Mark Webber, technology transactions partner at law firm Osborne Clarke agrees. “Initial classification and control, and careful dataflow analysis should take into account IP [intellectual property], and regulatory and ethical factors. It is important to consider what combination of information actually identifies people.”

Businesses should know where their data resides. This is particularly relevant to cloud services as privacy and access rights vary between jurisdictions. Anders Etgen Reitz, a partner at Danish law firm IUNO, explains that Danish companies, with more than 250 employees, have to employ a data protection officer and data transfers outside the EU require approval from the Danish Data Protection Authority. The European Commission is considering proposals to harmonise EU regulations, which would include these stricter rules.

Big data raises similar security issues to all cloud services – most organisations do not have sufficient storage and processing capability to cope with the size and complexity of big data sets.

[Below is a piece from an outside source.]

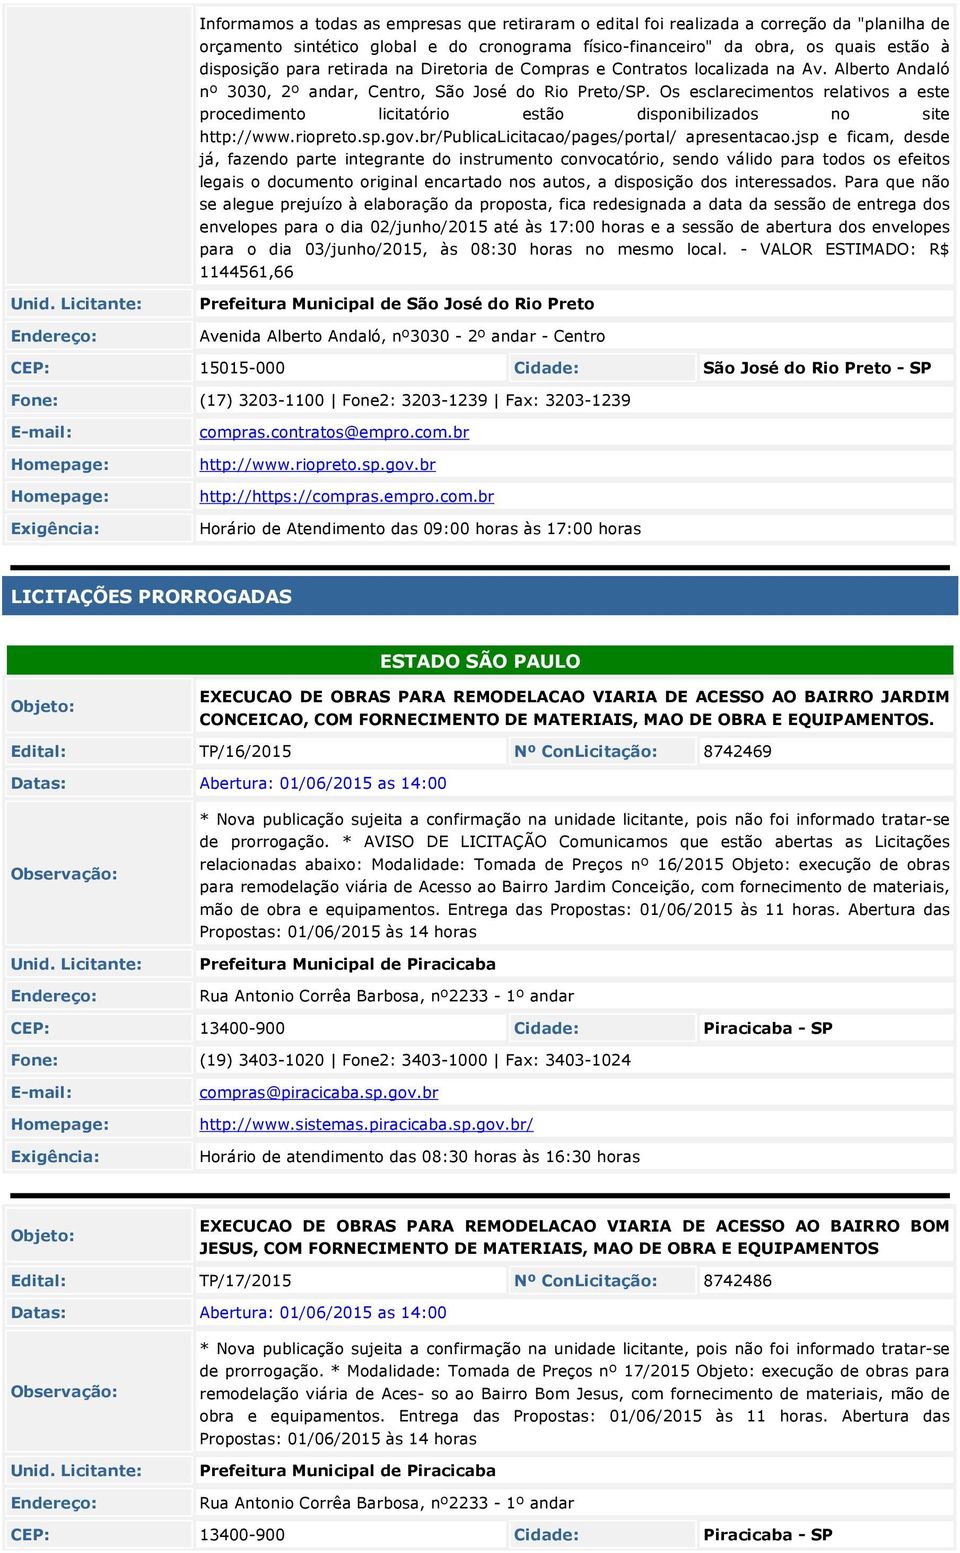 Os esclarecimentos relativos a este procedimento licitatório estão disponibilizados no site http://www.riopreto.sp.gov.br/publicalicitacao/pages/portal/ apresentacao.
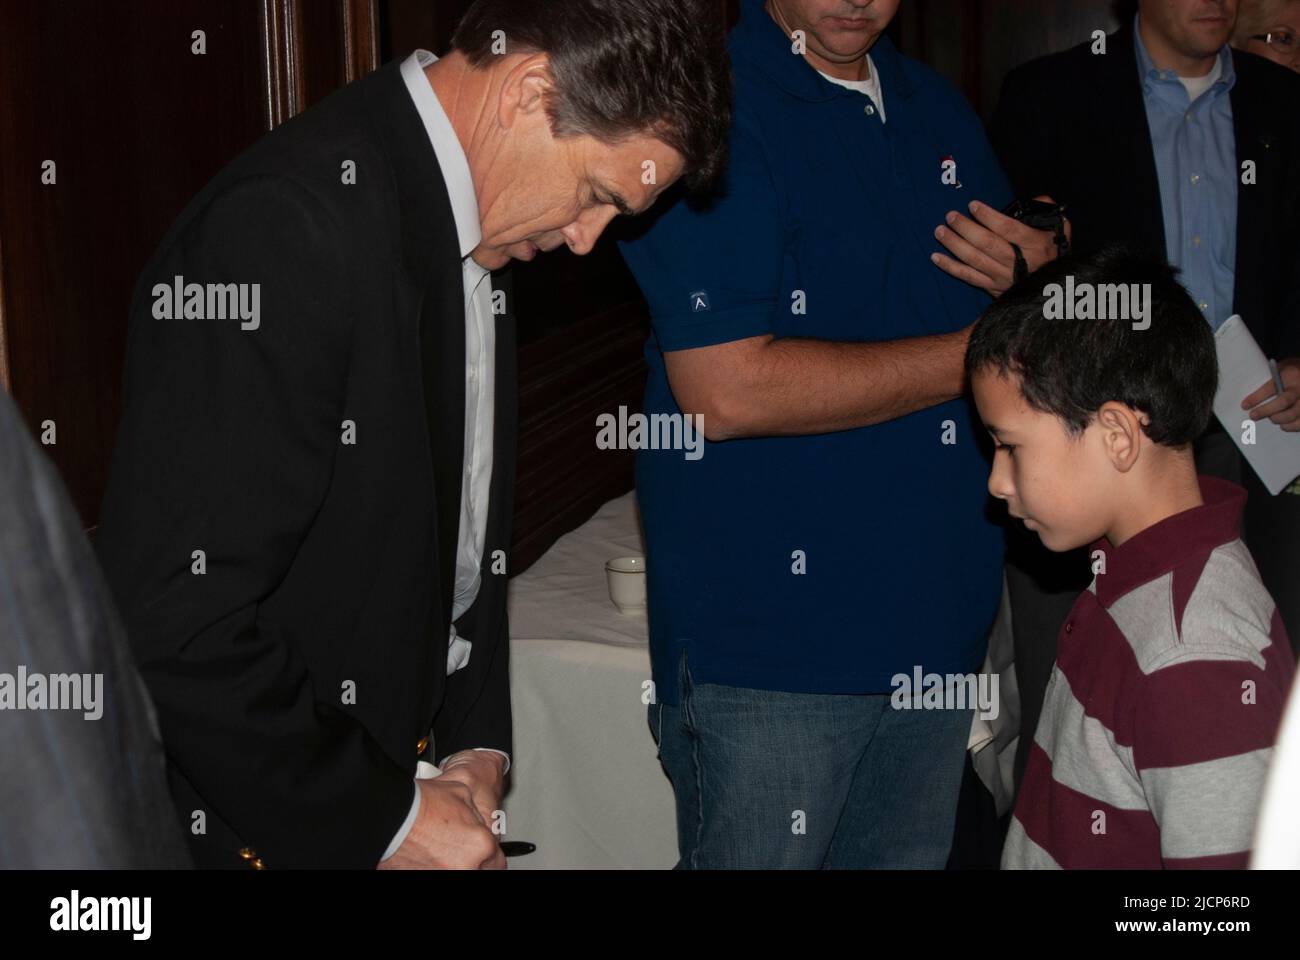 El gobernador de Texas Rick Perry firmó autógrafos en un evento electoral en el restaurante italiano Maggiano's en Dallas, Texas (North Park Center) Foto de stock

This intensifies the risks associated with third-party partners involved in collection and processing. “Businesses need to be comfortable that anyone handling data on their behalf has the relevant policies and procedures in place,” says Mr Bennett.

Big data presents the same risks of data breach as standard data, but its nature can protect it from fraudulent use. “Although big data is often potentially sensitive or valuable, it is protected by the fact that it is vast, unstructured, complex and obscure,” says Mr Shelton. “Losing a raw big data set is not the same as losing customer information. It requires particular analysis to access the intelligence that it may hold.”

Big data analytics have uncovered significant opportunities based on in-depth customer and user intelligence, and the key to maximising these is respect between all parties involved. “Consents are crucial,” says Mr Webber.  “Before data can be used, it is critical to get informed, freely given consent. Fair and transparent use of data is the key to making the most of big data.”